Die wichtigste Veränderung im Gehirn ist, dass zwischen den Hirnzellen mehr Verbindungen hergestellt werden. Dadurch können die Informationen der verschiedenen Zellen in größere Zusammenhänge gebracht und damit die Fähigkeit zur Übersicht über ein Ganzes erhöht werden. Darauf wird in Kapitel 2 näher eingegangen.
Egal, ob das Kind nun minder-, normal- oder hochbegabt ist – beim Eintritt in die Pubertät erlebt es einen Sprung im Denken, wodurch es die Erfahrung macht, ›plötzlich‹ alles zu verstehen. Das ist der Nährboden für die häufig ›rechthaberisch‹ anmutende Haltung von Jugendlichen, aber auch Grundlage für ihre Fähigkeit, sich Lösungen für die großen Probleme der Welt auszudenken.

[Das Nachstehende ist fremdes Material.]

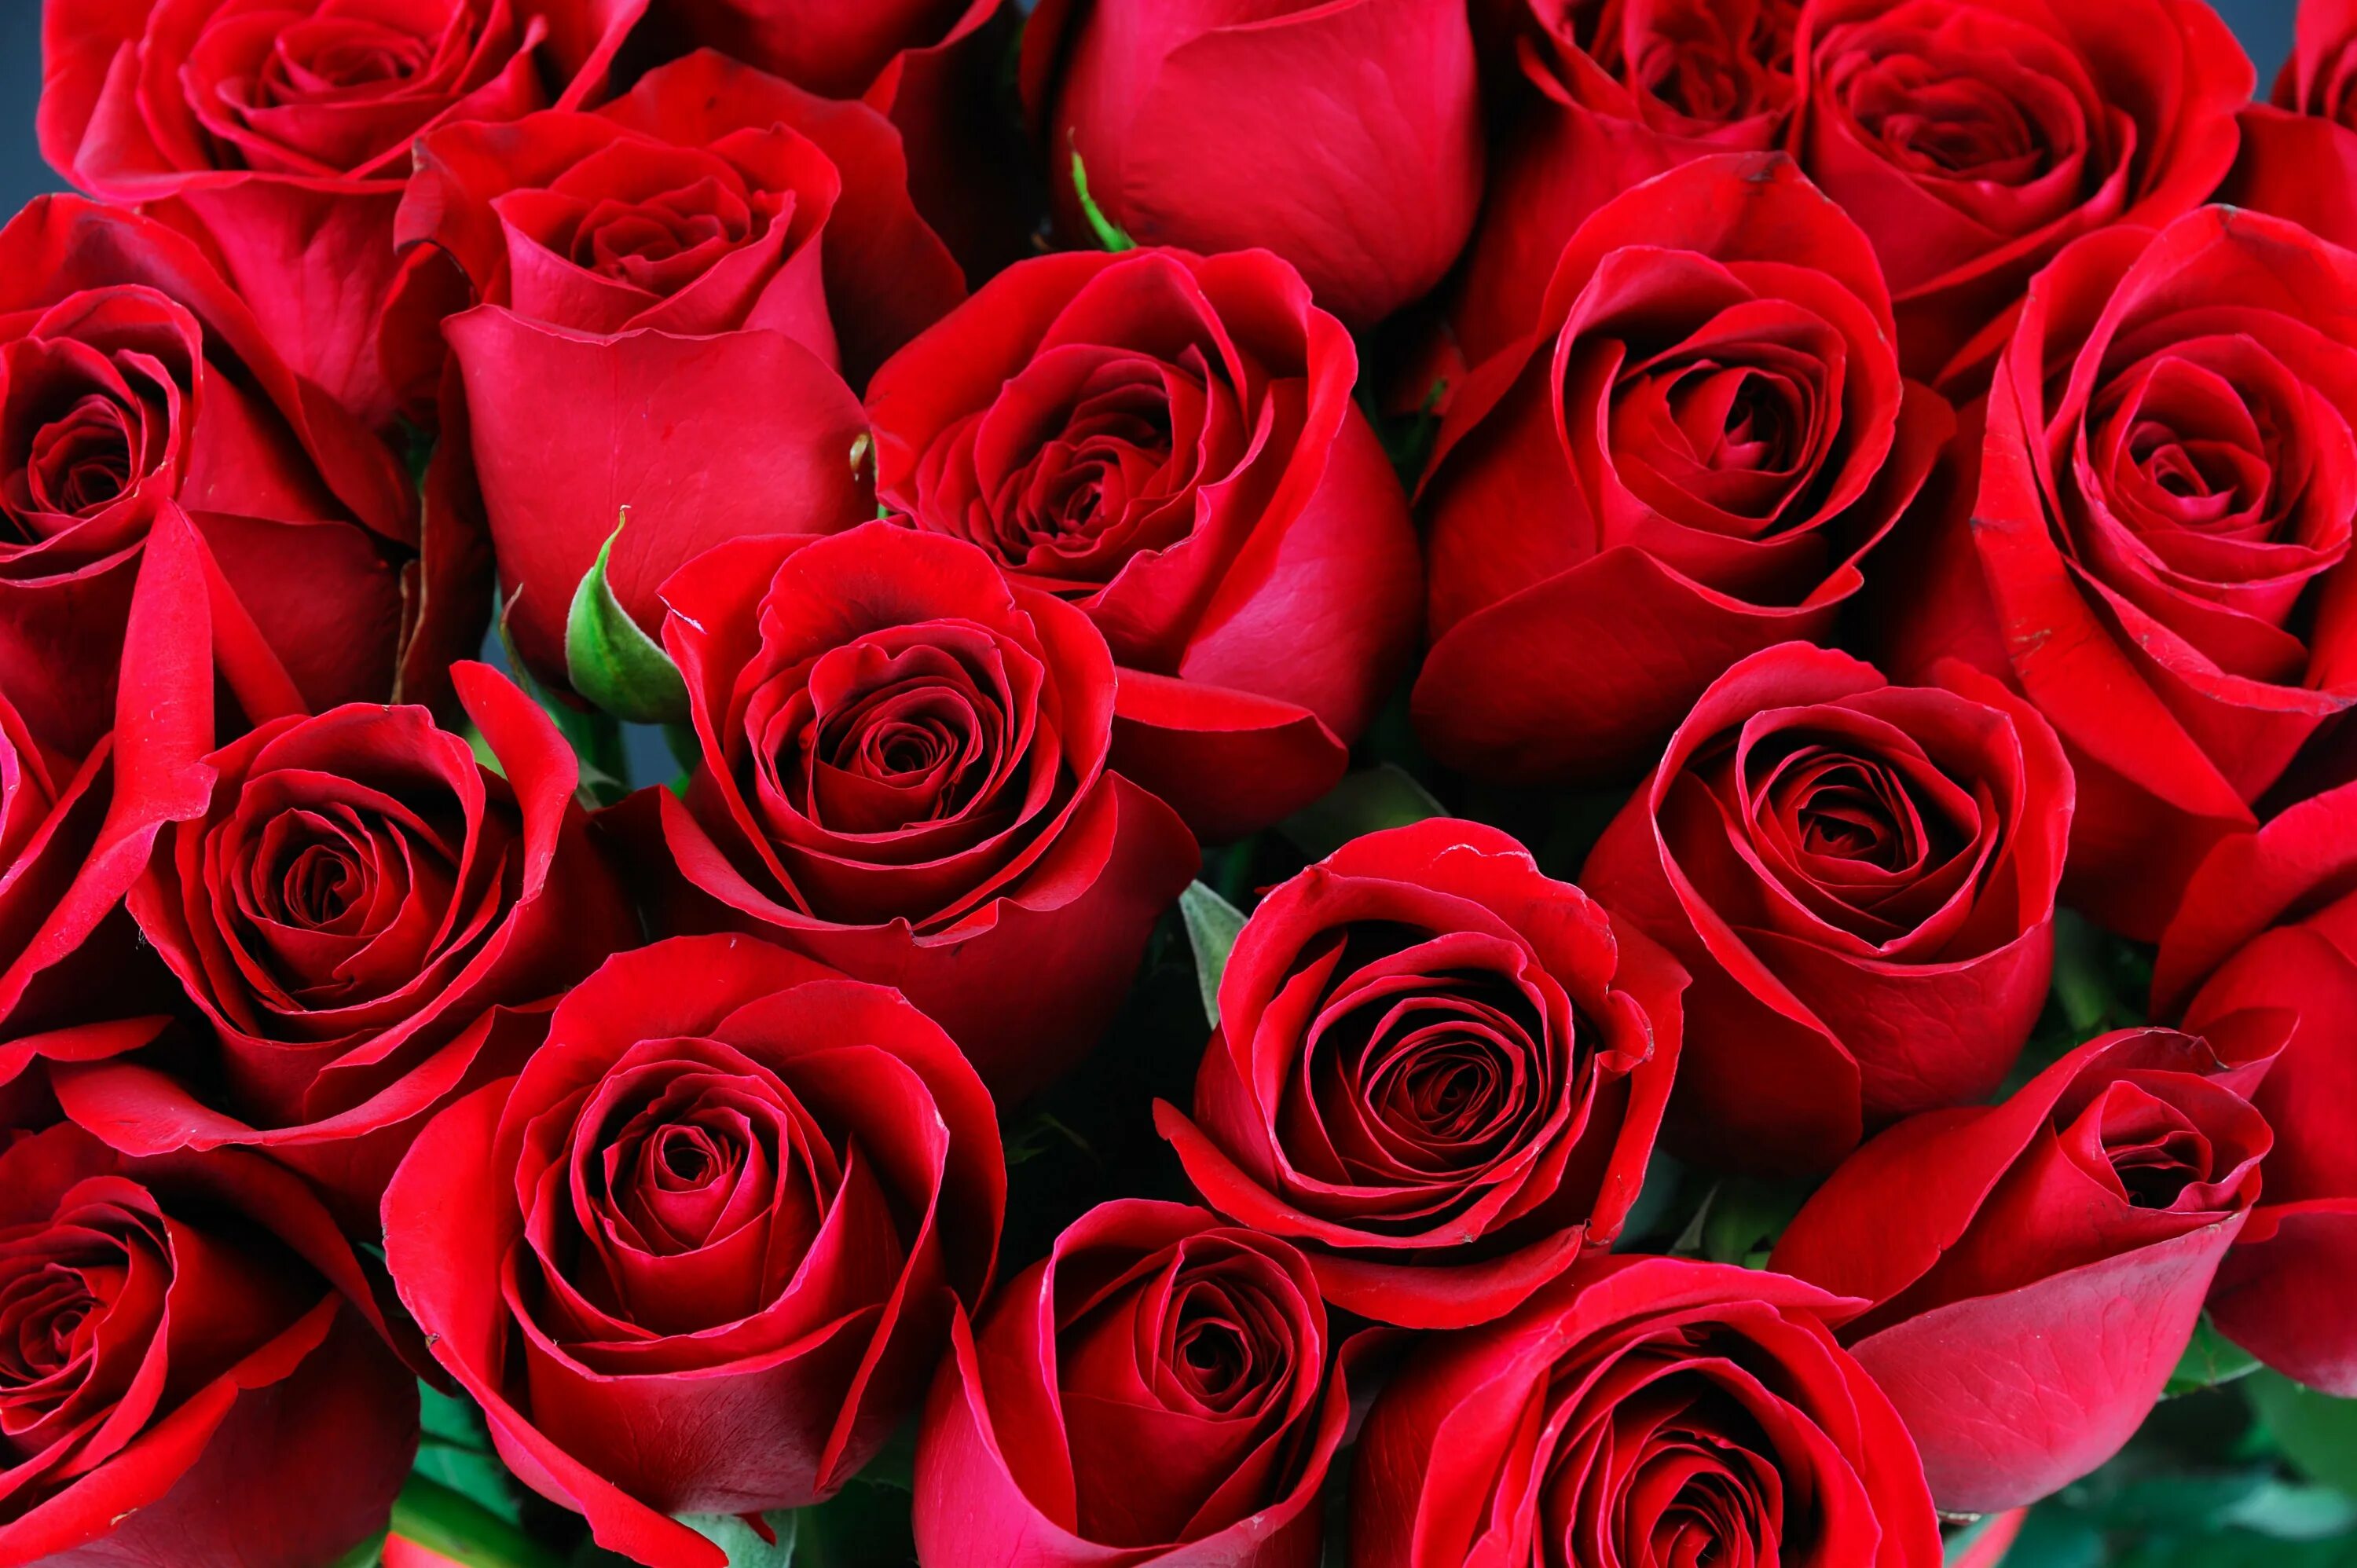 Фотки красивых роз. Красные розы. Шикарный букет алых роз. Красивый букет красных роз.
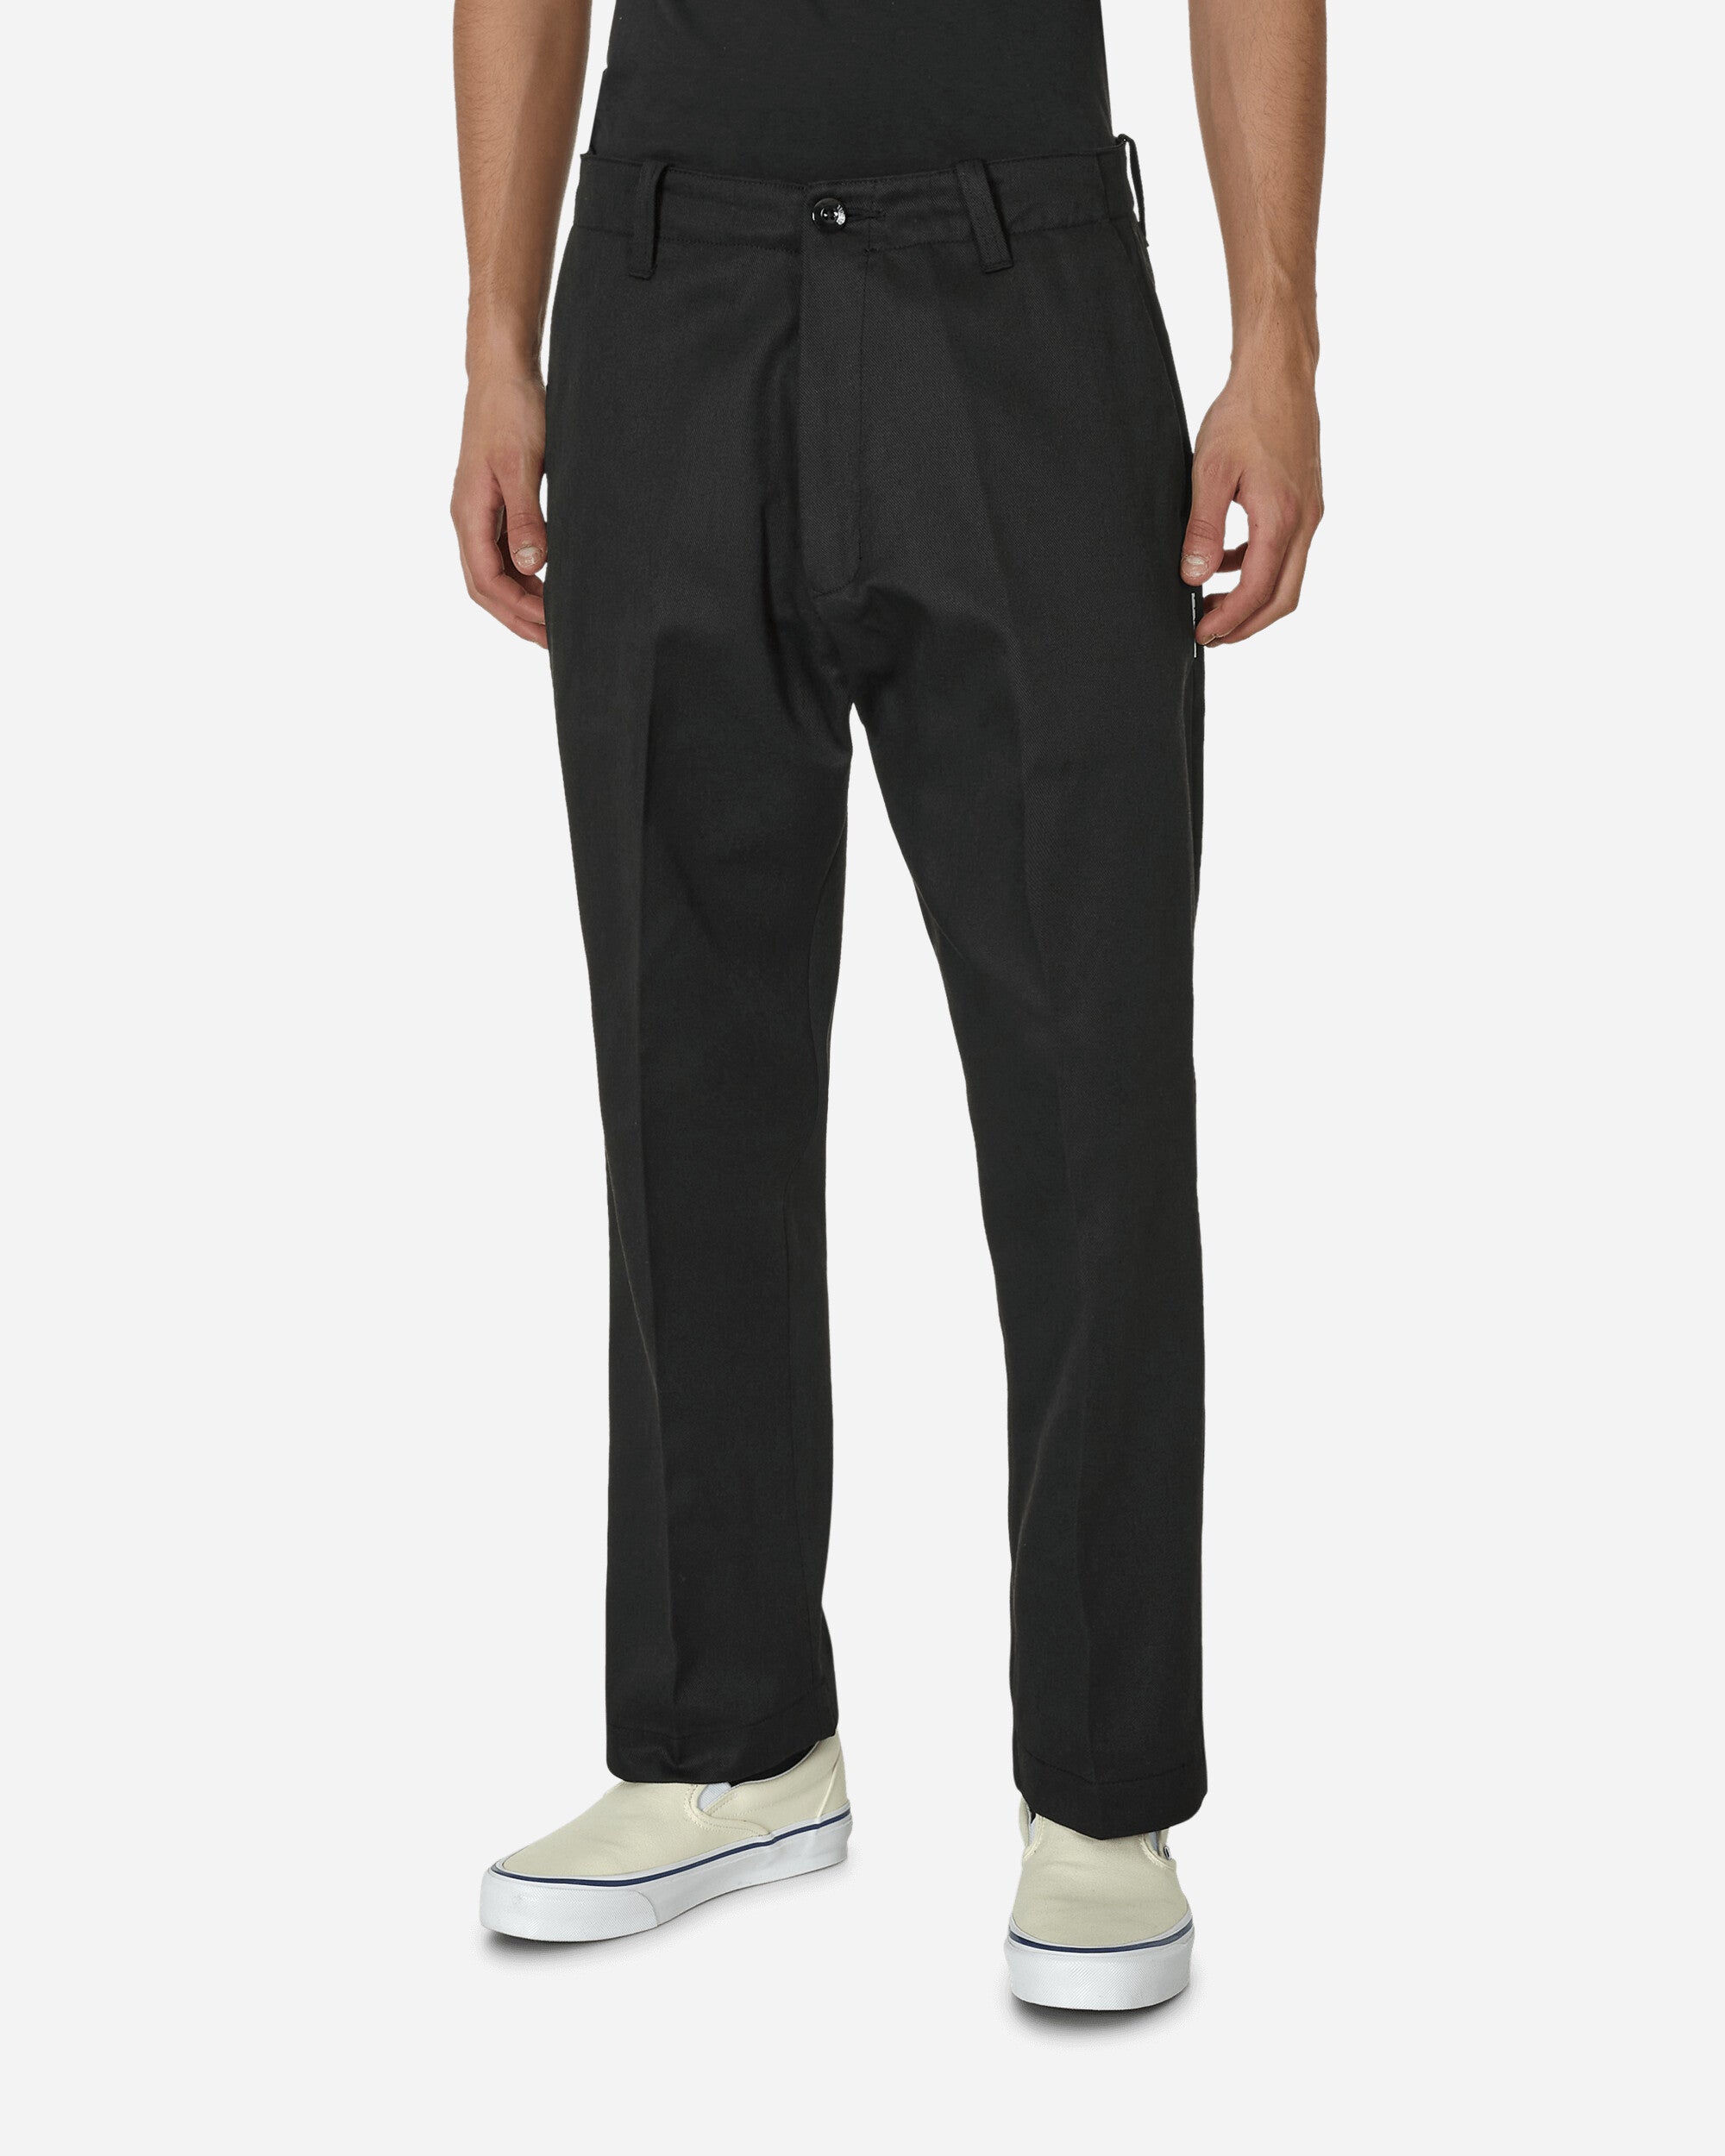 Men's Chino Regular Pants - Inseam 30 Inch

Es kommt häufig vor, dass Menschen während der Adoleszenz zu wichtigen Einsichten gelangen, die Grundlage ihres späteren Lebens werden. Große Denker haben den Kern ihrer Ideen oft schon während der Adoleszenz entwickelt. Ihr weiteres Leben steht dann eher unter dem Zeichen der Vertiefung und Verfeinerung als unter dem der Erneuerung. Darwin (1809–1882) entwarf seine Evolutionstheorie (The Origin of Species. On Natural Selection, Darwin, 1859/2000) während der Expeditionsrei|18|se auf der Beagle (Darwin, 1839/1993), als er zwanzig Jahre alt war. Er hatte Angst vor der eigenen Entdeckung und publizierte sie erst zwanzig Jahre später, als jemand anderes (Alfred Russell Wallace) mit einer ähnlichen Theorie an die Öffentlichkeit wollte. Der Mathematiker Andrew Wilis war schon als Achtjähriger fasziniert vom 4. Theorem des Großen fermatschen Satzes; als Einundvierzigjähriger bewies er diese Behauptung, mit der sich Mathematiker mehrerer Jahrhunderte herumgeschlagen hatten.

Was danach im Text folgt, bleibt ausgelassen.